[llvm] r331044 - [AArch64] Place the first ldp at the end when ReverseCSRRestoreSeq is true
Francis Visoiu Mistrih via llvm-commits
llvm-commits at lists.llvm.org
Fri Apr 27 08:30:54 PDT 2018
Author: thegameg
Date: Fri Apr 27 08:30:54 2018
New Revision: 331044
URL: http://llvm.org/viewvc/llvm-project?rev=331044&view=rev
Log:
[AArch64] Place the first ldp at the end when ReverseCSRRestoreSeq is true
Put the first ldp at the end, so that the load-store optimizer can run
and merge the ldp and the add into a post-index ldp.
This didn't work in case no frame was needed and resulted in code size
regressions.
Modified:
llvm/trunk/lib/Target/AArch64/AArch64FrameLowering.cpp
llvm/trunk/test/CodeGen/AArch64/reverse-csr-restore-seq.mir
Modified: llvm/trunk/lib/Target/AArch64/AArch64FrameLowering.cpp
URL: http://llvm.org/viewvc/llvm-project/llvm/trunk/lib/Target/AArch64/AArch64FrameLowering.cpp?rev=331044&r1=331043&r2=331044&view=diff
==============================================================================
--- llvm/trunk/lib/Target/AArch64/AArch64FrameLowering.cpp (original)
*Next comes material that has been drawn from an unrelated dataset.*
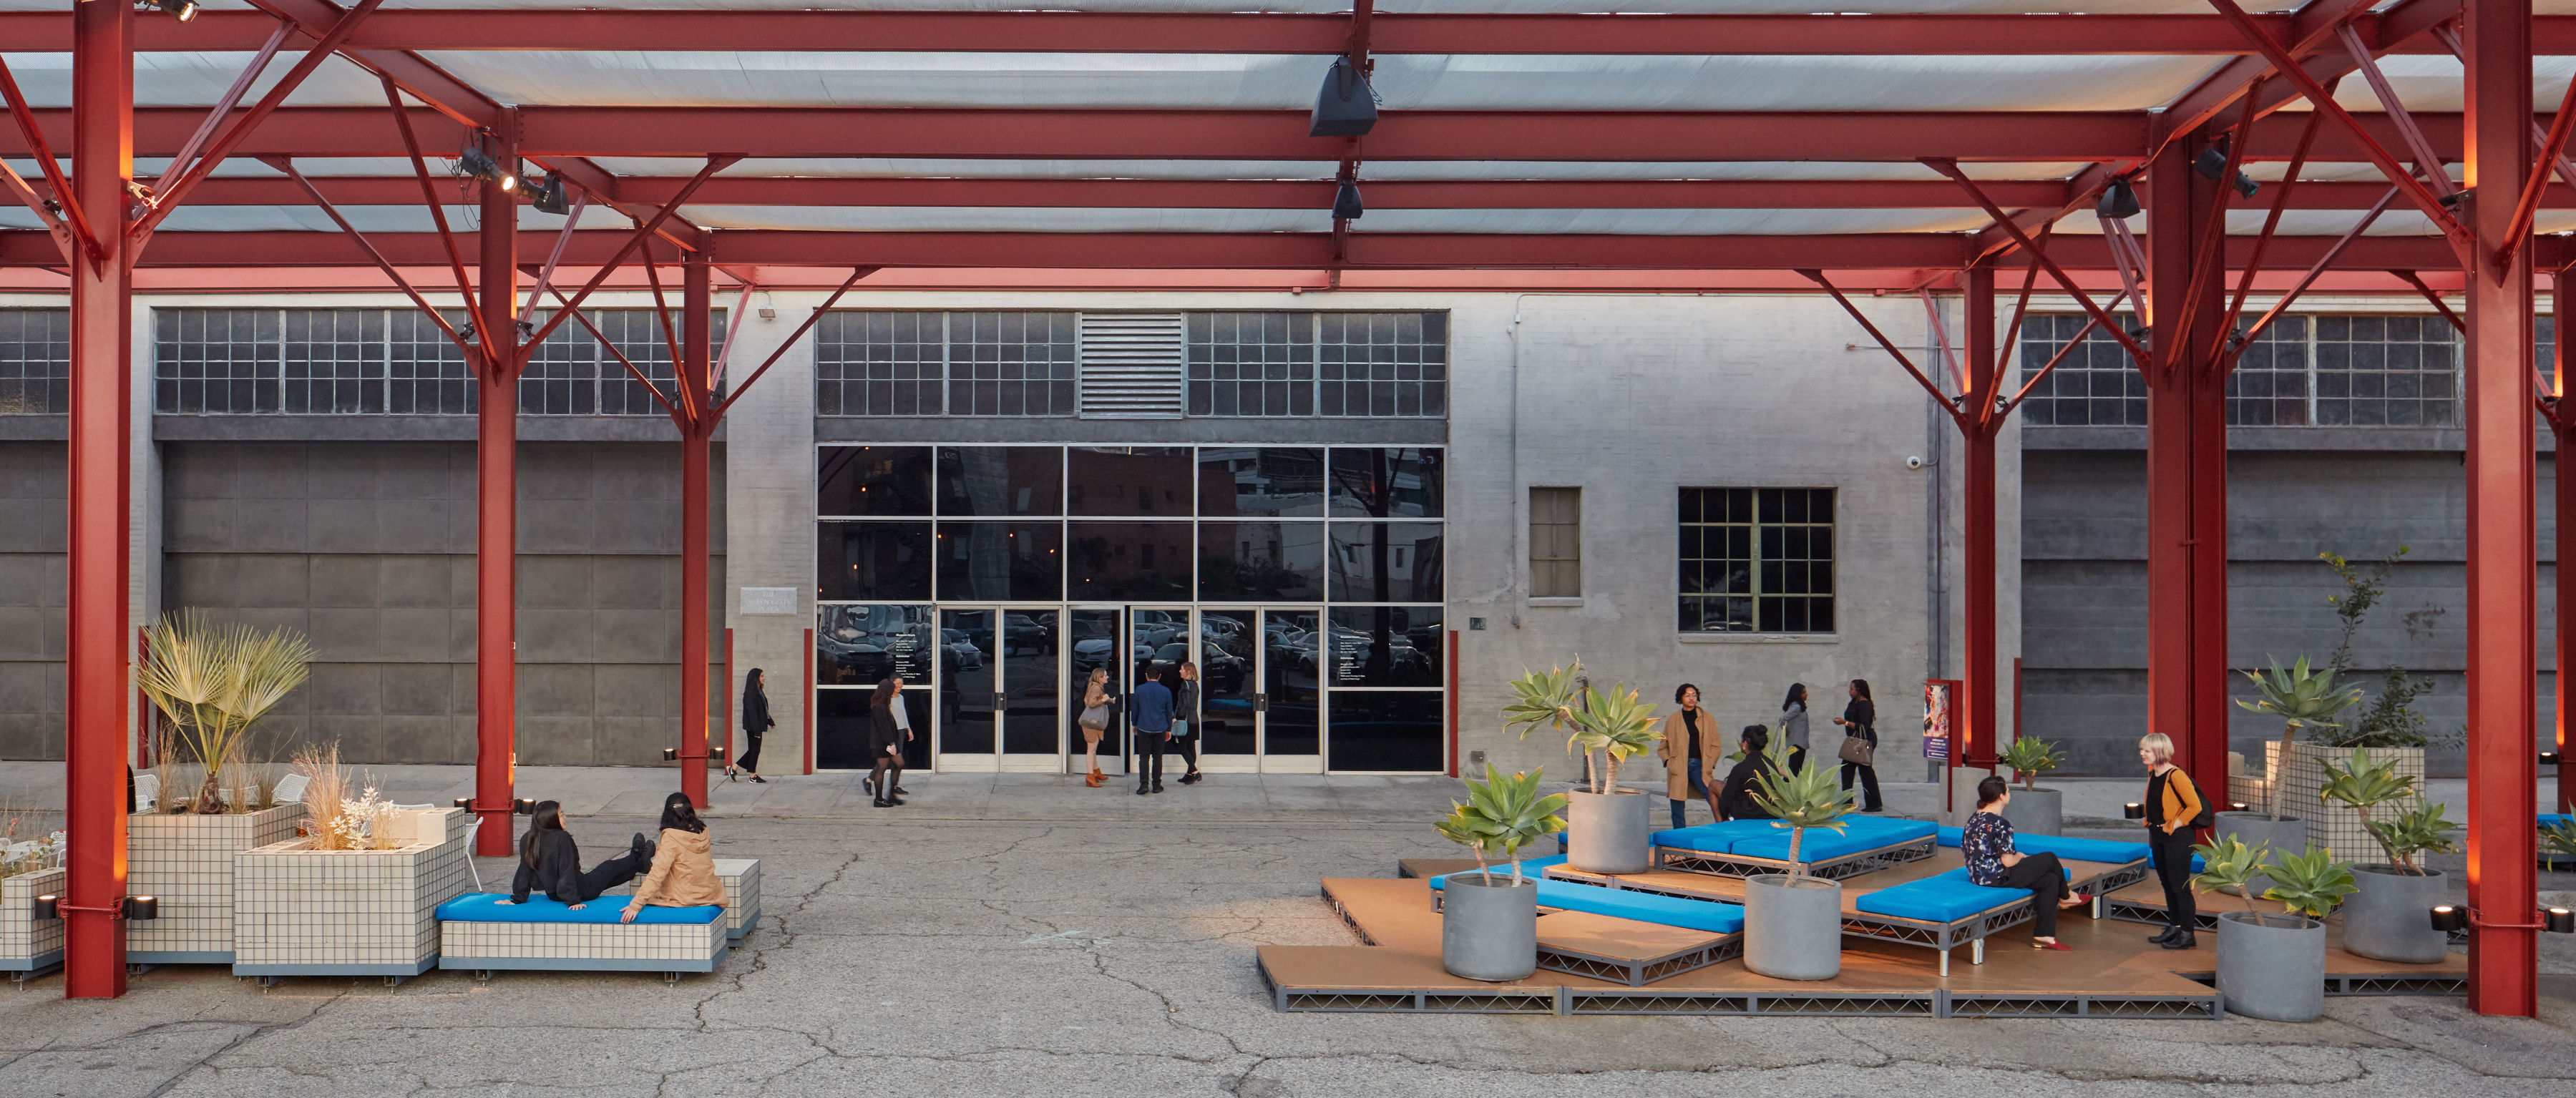 The Geffen Contemporary at MOCA, photo by Elon Schoenholz

+++ llvm/trunk/lib/Target/AArch64/AArch64FrameLowering.cpp Fri Apr 27 08:30:54 2018
@@ -514,6 +514,38 @@ static void fixupCalleeSaveRestoreStackO
OffsetOpnd.setImm(OffsetOpnd.getImm() + LocalStackSize / 8);
}
+static void adaptForLdStOpt(MachineBasicBlock &MBB,
+ MachineBasicBlock::iterator FirstSPPopI,
+ MachineBasicBlock::iterator LastPopI) {
+ // Sometimes (when we restore in the same order as we save), we can end up
+ // with code like this:
+ //
+ // ldp x26, x25, [sp]
+ // ldp x24, x23, [sp, #16]
+ // ldp x22, x21, [sp, #32]
+ // ldp x20, x19, [sp, #48]
+ // add sp, sp, #64
+ //
+ // In this case, it is always better to put the first ldp at the end, so
+ // that the load-store optimizer can run and merge the ldp and the add into
+ // a post-index ldp.
+ // If we managed to grab the first pop instruction, move it to the end.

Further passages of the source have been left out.